Davidson Peiris Emma, Wusirika Raghav
Department of Medicine, Oregon Health and Science University, Portland, Oregon, USA.
Division of Nephrology and Hypertension, Department of Medicine, Oregon Health and Science University, Portland, Oregon, USA.
Case Rep Nephrol Dial. 2017 Dec 18;7(3):167-171. doi: 10.1159/000485243. eCollection 2017 Sep-Dec.
CYP24A1 is an enzyme that inactivates vitamin D. Loss-of-function mutations in this enzyme are rare but have been linked with idiopathic infantile hypercalcemia as well as adult-onset nephrocalcinosis and nephrolithiasis. Genetic testing for this mutation should be considered in the presence of calciuria, elevated serum calcium, elevated 1,25-dihydroxyvitamin D, and suppressed parathyroid hormone. We present a case with these lab findings as well as an elevated 25-hydroxyvitamin D/24,25-dihydroxyvitamin D ratio in whom compound heterozygous CYP24A1 mutations were found. His hypercalciuria resolved and 1,25-vitamin D level improved with ketoconazole treatment. We suggest that it is clinically important to identify patients with this phenotype as testing and treatment options are available which could reduce progression to chronic kidney disease in this population.

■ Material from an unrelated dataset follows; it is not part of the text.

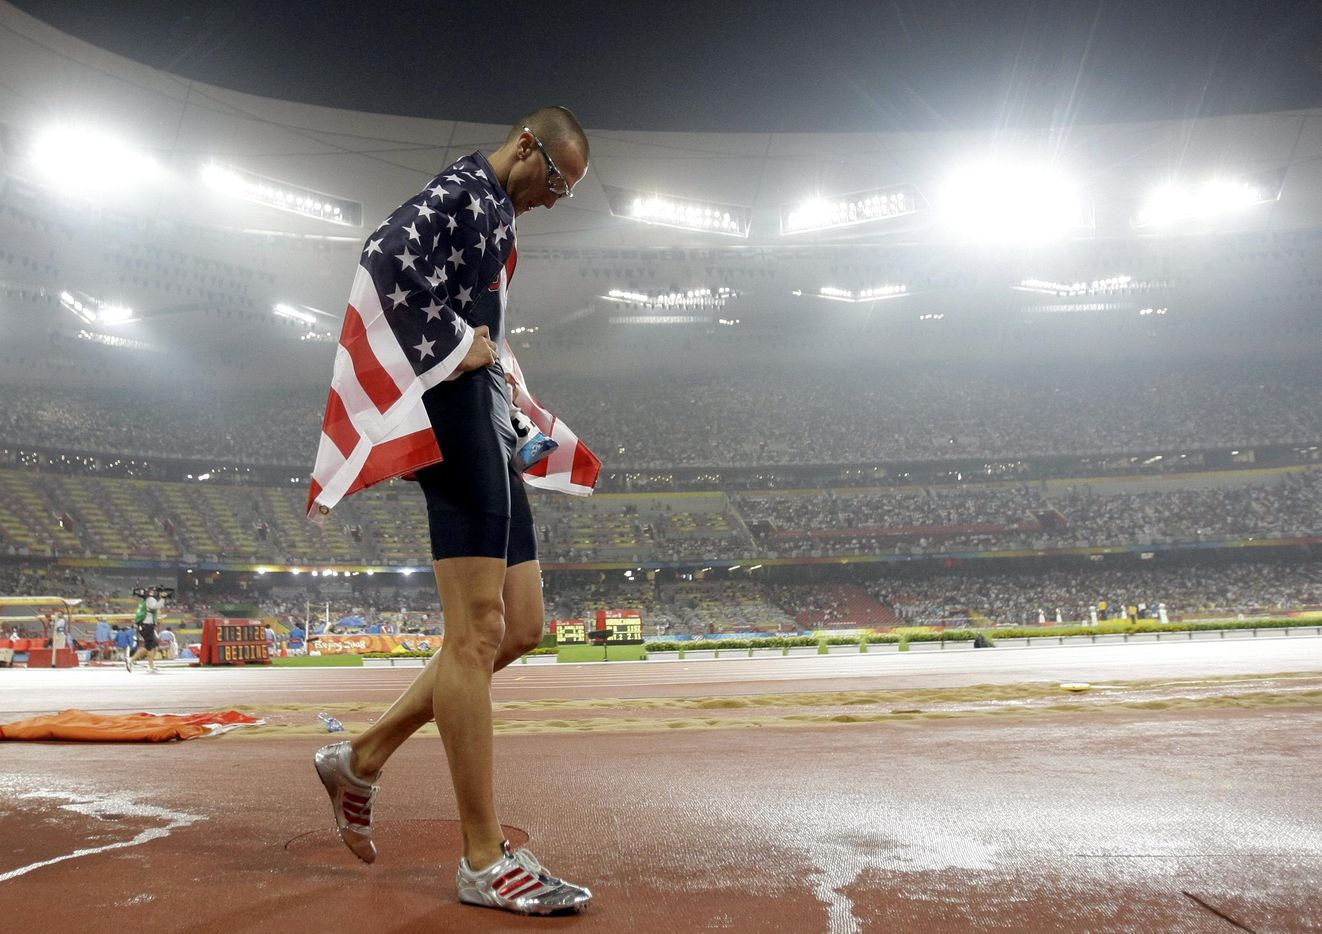 2008 Beijing Olympics: Silver medalist Jeremy Wariner walks around the National Stadium after LaShawn Merritt won gold in the Men's 400 meter final at the National Stadium  in Beijing, China Thursday August 21, 2008.

CYP24A1是一种使维生素D失活的酶。该酶的功能丧失突变很少见,但与特发性婴儿高钙血症以及成人期肾钙质沉着症和肾结石有关。在存在高钙尿症、血清钙升高、1,25-二羟基维生素D升高和甲状旁腺激素受抑制的情况下,应考虑对这种突变进行基因检测。我们报告了一例具有这些实验室检查结果以及25-羟基维生素D/24,25-二羟基维生素D比值升高的病例,在该病例中发现了复合杂合性CYP24A1突变。酮康唑治疗后,他的高钙尿症得到缓解,1,25-维生素D水平有所改善。我们认为,识别具有这种表型的患者具有重要临床意义,因为有检测和治疗方案可供选择,这可能会减少该人群发展为慢性肾病的进程。